Philippe de Crèvecœur, seigneur d'Esquerdes (1418–1494), was a French military commander and a Marshal of France in 1486. He is also known as Maréchal des Cordes or Maréchal d'Esquerdes.

==Biography==
He was the son of Jacques († 1436), Lord of Crèvecœur and Thois, Captain of Compiègne, Governor of Clermont-en-Beauvaisis and a Knight in the Order of the Golden Fleece. Philippe entered the service of Charles the Bold, Duke of Burgundy.

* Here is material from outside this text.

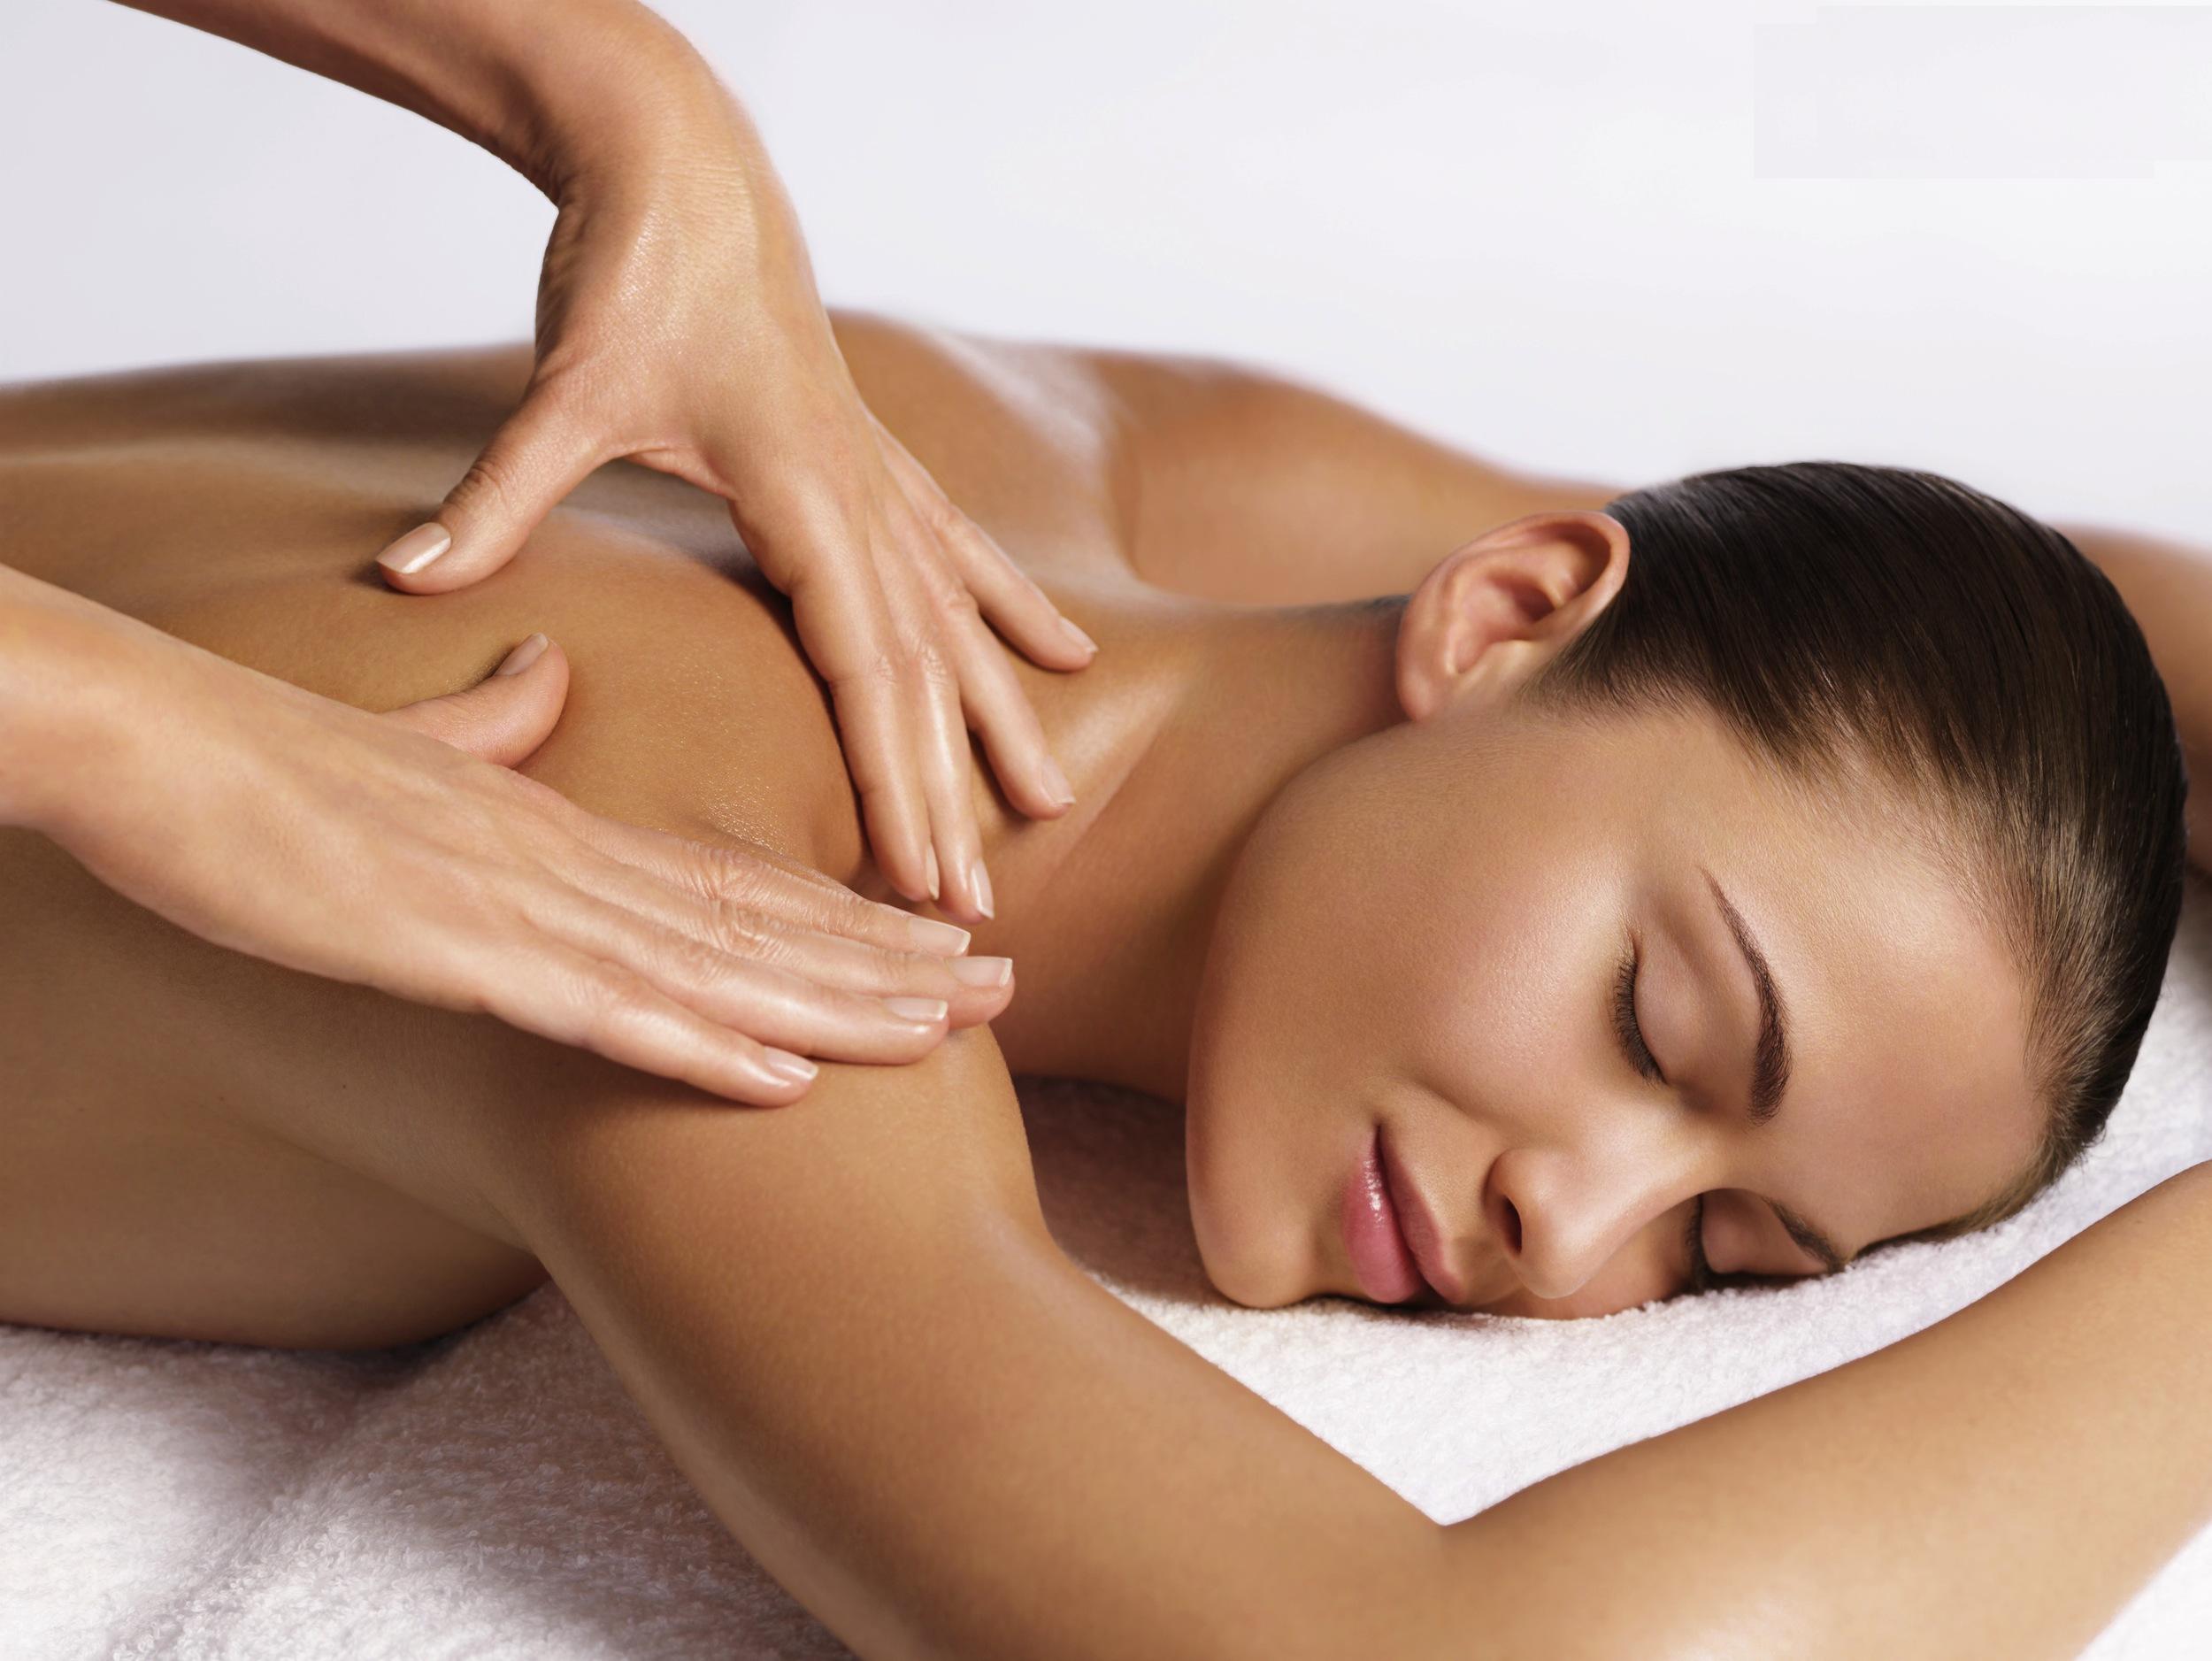 main_Massage03.jpg

He was governor of Troyes in 1463 and distinguished himself in 1465 at the Battle of Montlhéry.

In 1467, he fought in the Liège Wars against the Prince-Bishopric of Liège and was awarded the Order of the Golden Fleece.

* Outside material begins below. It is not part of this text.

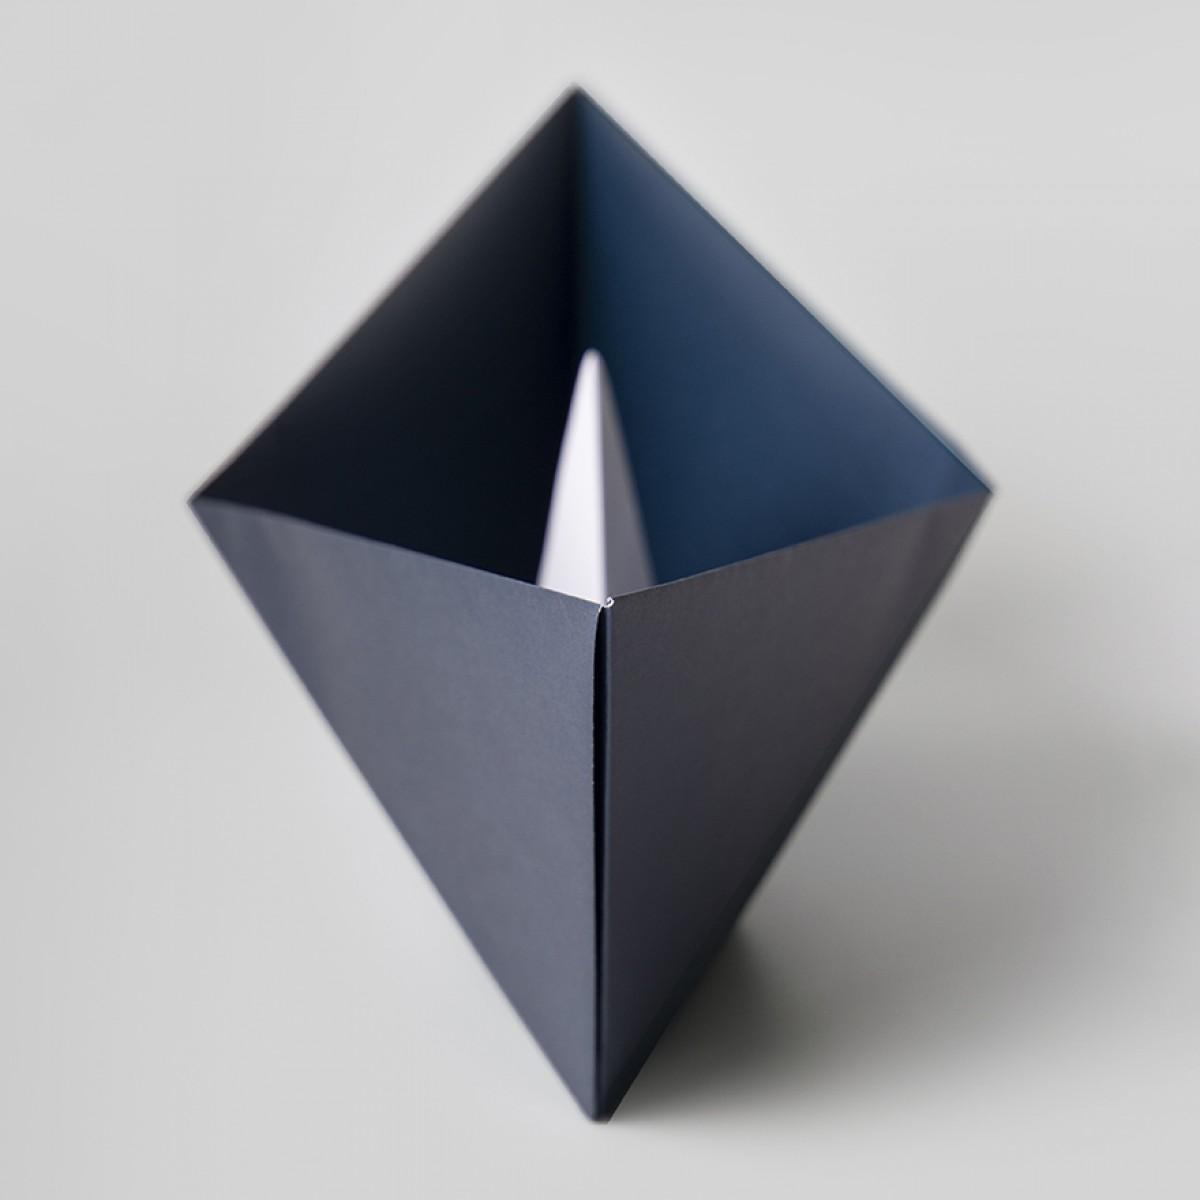 Origami Print Papieboot von Christina Pauls

He was then governor of Artois and Picardy, where he defended Abbeville against Louis XI.
In 1472, he conquered Nesle, but failed to take Beauvais defended by Jeanne Hachette.

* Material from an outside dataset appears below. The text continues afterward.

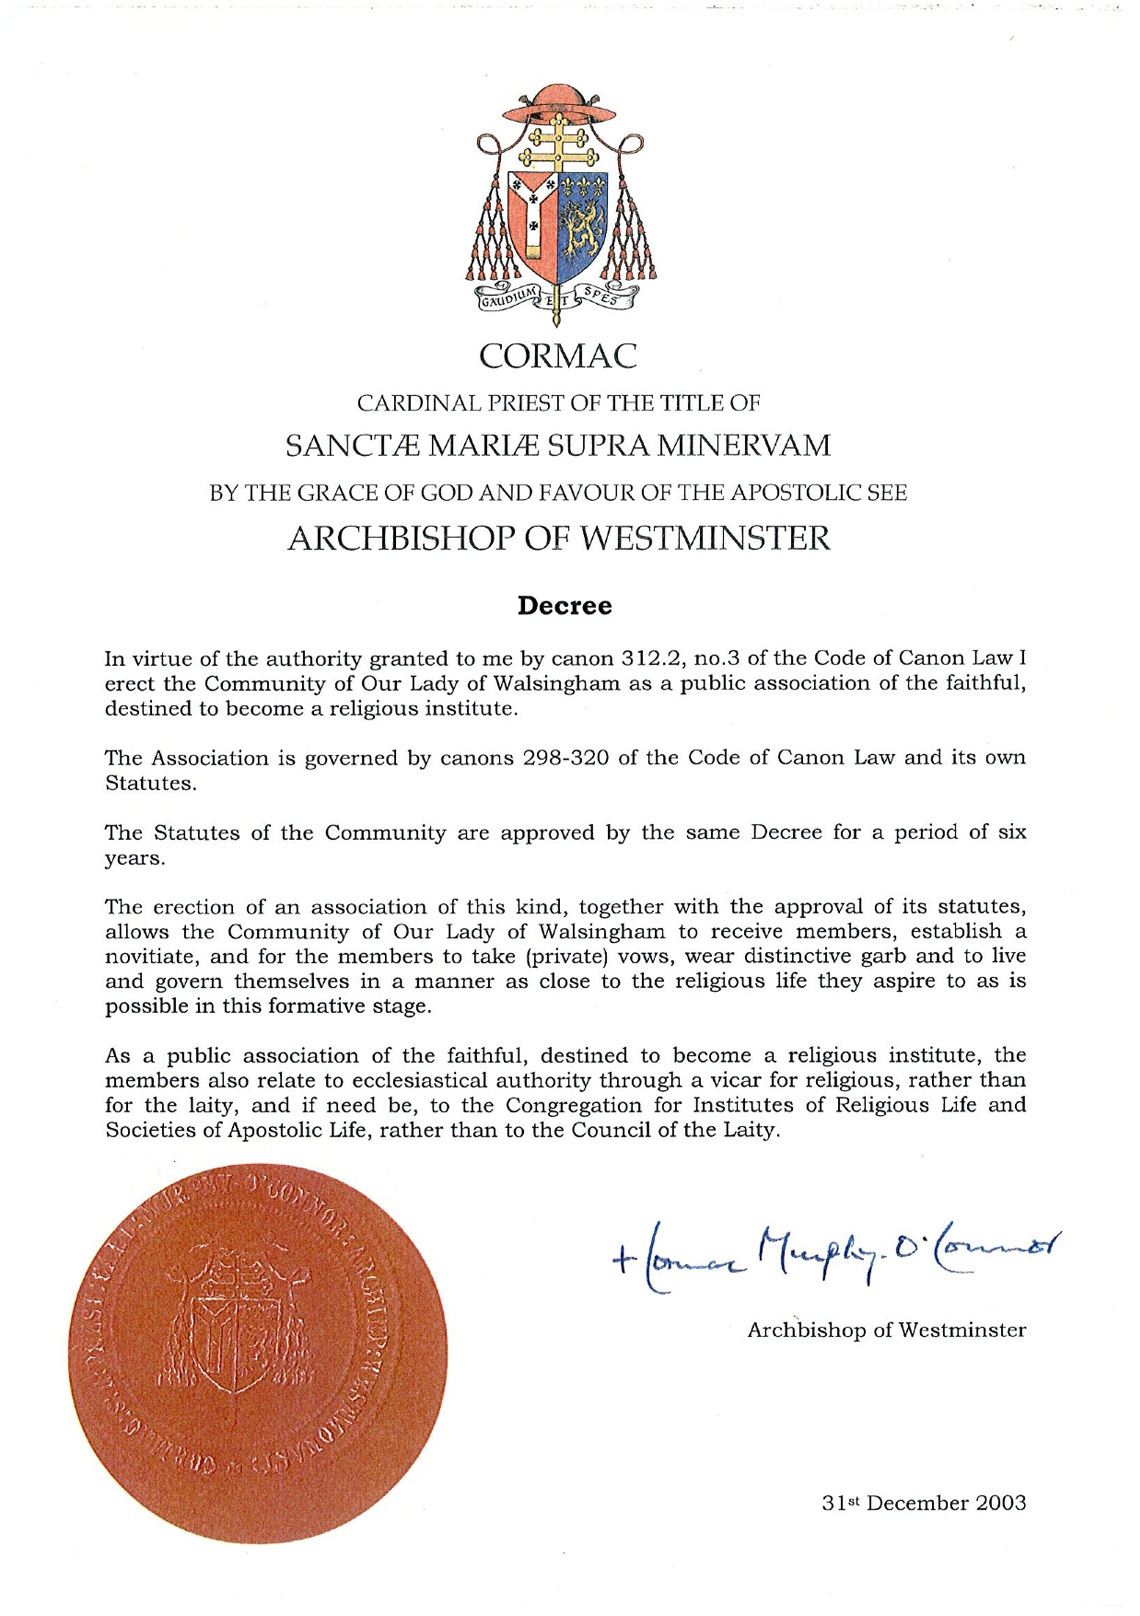 Decree establishing the Community

When Charles the Bold was killed in 1477 without a male heir, Crèvecœur went over to serve King Louis XI of France, who claimed all the lands owned by Charles. Crèvecœur remained governor of Picardy and also brought Artois under French rule, delivering Arras to the French Army. For this, he received the Order of Saint Michael.

In the Battle of Guinegate (1479) he was defeated by Maximilian I, Holy Roman Emperor. Nevertheless, he was made Marshal of France and Lieutenant-General of the King's army in Picardy in 1486.

During the Mad War, he was successful in stopping the attacks of the Imperial forces. He defeated Adolph of Cleves, Lord of Ravenstein in 1486, and captured during the Battle of Béthune in 1487, Charles II, Duke of Guelders and Engelbert II of Nassau. He also took Saint-Omer and Thérouanne.

In 1492, he negotiated the Peace of Etaples with King Henry VII of England.

When Charles VIII of France prepared his Italian campaign in 1494, Crèvecœur was given the command of the vanguard, but he died on the 22nd of April at L'Arbresle near Lyon, before the start of the campaign.

He had no children and was buried in the Notre-Dame church of Boulogne-sur-Mer.

==Media==
- He portrayed in Sir Walter Scott's 1823 novel Quentin Durward as a wise counselor, attempting to avoid war between Charles the Bold and Louis XI of France.